With the stock trading fad starting to die down, investors took a closer look at the businesses of these high-flying pandemic growth stocks. But the tailwinds were unsustainable as demand came crashing down once the worse of the pandemic abated. The company has reported similar trends to Teledoc. Zoom has guided for just This stock is another cautionary tale for investors.

The closures of parks and gyms during the pandemic produced a boom in demand for Peloton bikes and treadmills. Now that the pandemic is winding down, Peloton customers are going back out into the world for exercise. In February, Peloton said it expects its revenue growth to turn negative in In general, higher interest rates tend to be bad news for unprofitable growth stocks that rely on debt to fund expansion. The higher interest rates rise, the more costly that debt becomes. But even for profitable growth stocks, the concern over rising rates has triggered a broad market rotation out of tech growth stocks and into blue-chip value stocks in The positive investor sentiment that helped push pandemic stocks like Robinhood, Zoom, Teladoc and Peloton to all-time highs in and has now turned negative and is weighing on their share prices like an anchor.

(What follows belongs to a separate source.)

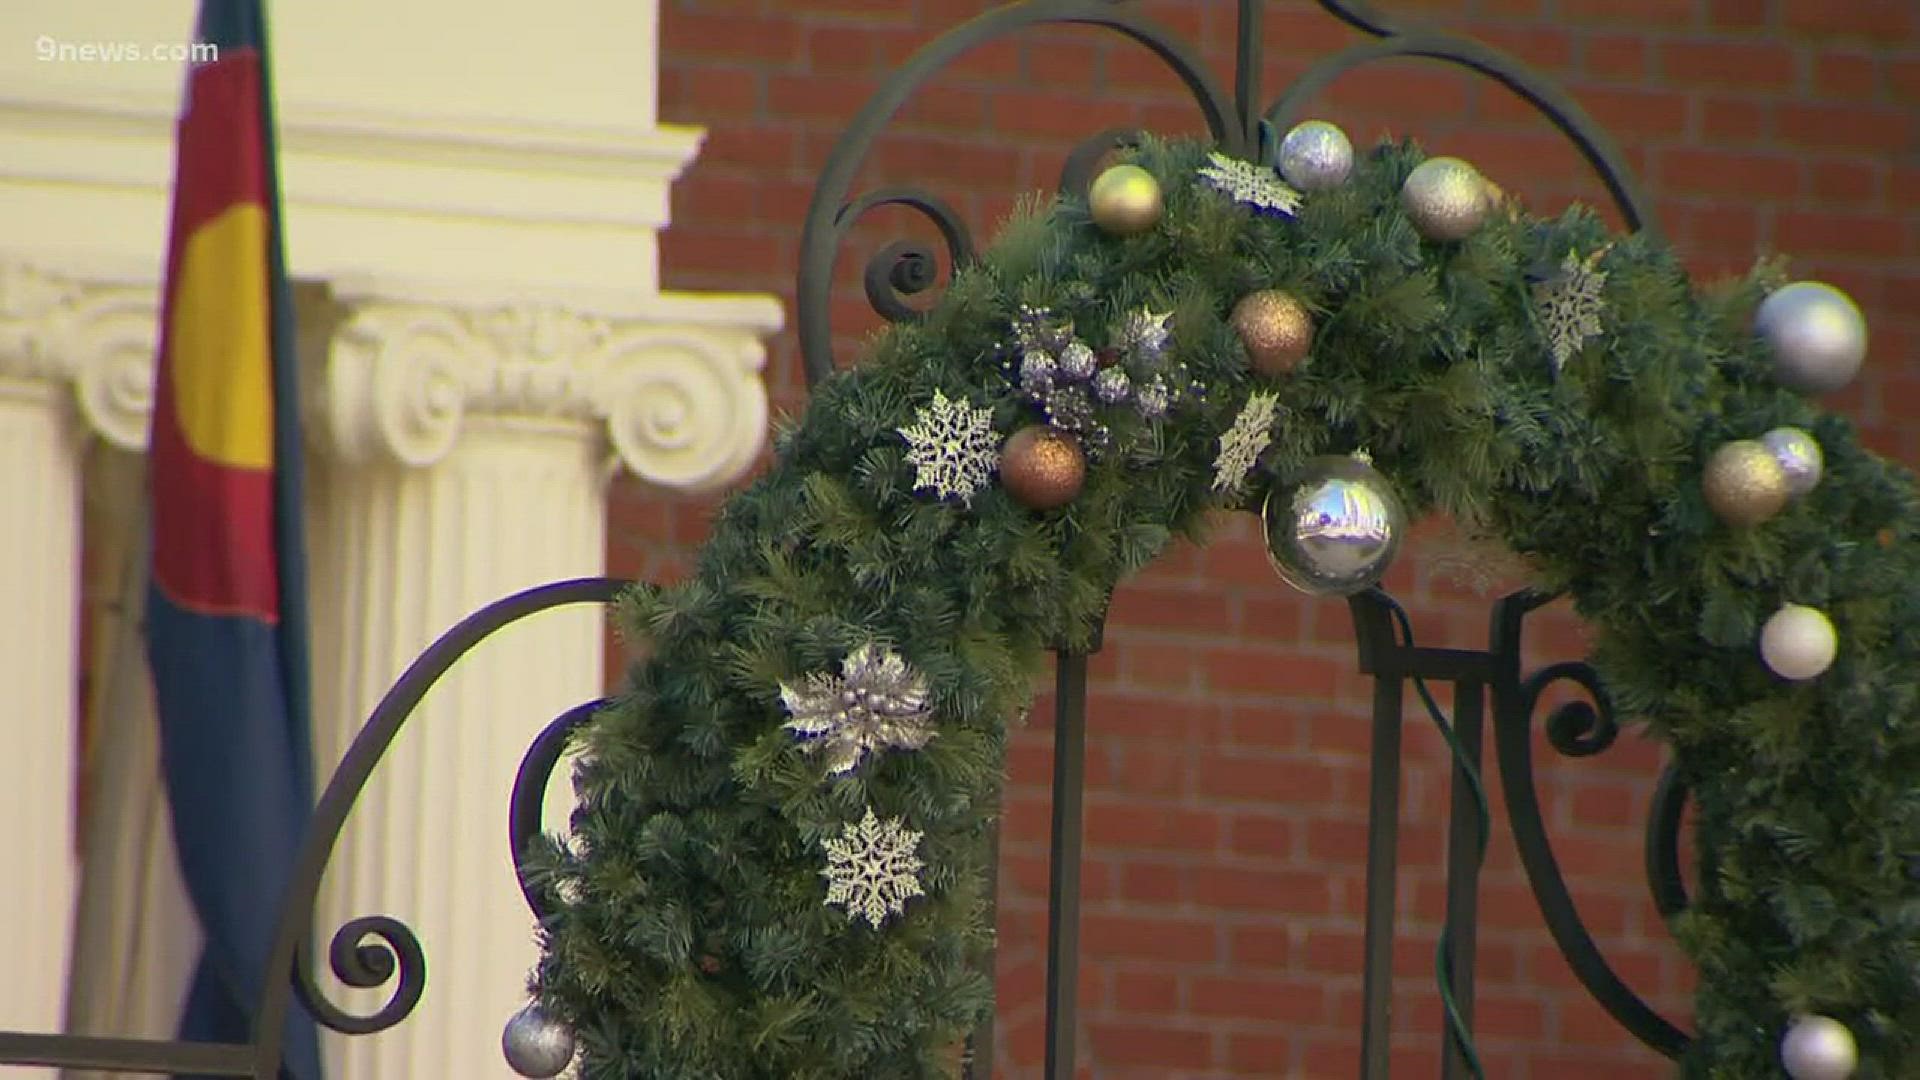 This year there's a 'decades of design' theme and each room honors a different time and place in Colorado history with its holiday decorations.

Wayne Duggan is a Forbes Advisor contributor. He is also a staff writer at Benzinga, where he has reported on breaking financial market news and analyst commentary related to popular stocks since


Why zoom stock falling – none:.Why Pandemic Stocks Are Crashing

Apr 28,  · Getty. Some of the most popular stocks from the Covid pandemic have gone from hot to not in The share prices of stocks like Teladoc Health (TDOC), Robinhood Markets (HOOD), Zoom Video. Their forecasts range from $ to $ On average, they anticipate Riot Blockchain’s share price to reach $ in the next twelve months. This suggests a possible upside of % from the stock’s current price. View analysts’ price targets for Riot Blockchain or view top-rated stocks among Wall Street analysts. Why Higher Bond Yields Are Bad News for Tech Stocks Like Amazon and Zoom. Fast-growing technology stocks have been slammed because of rising bond yields amid expectations for stronger economic growth.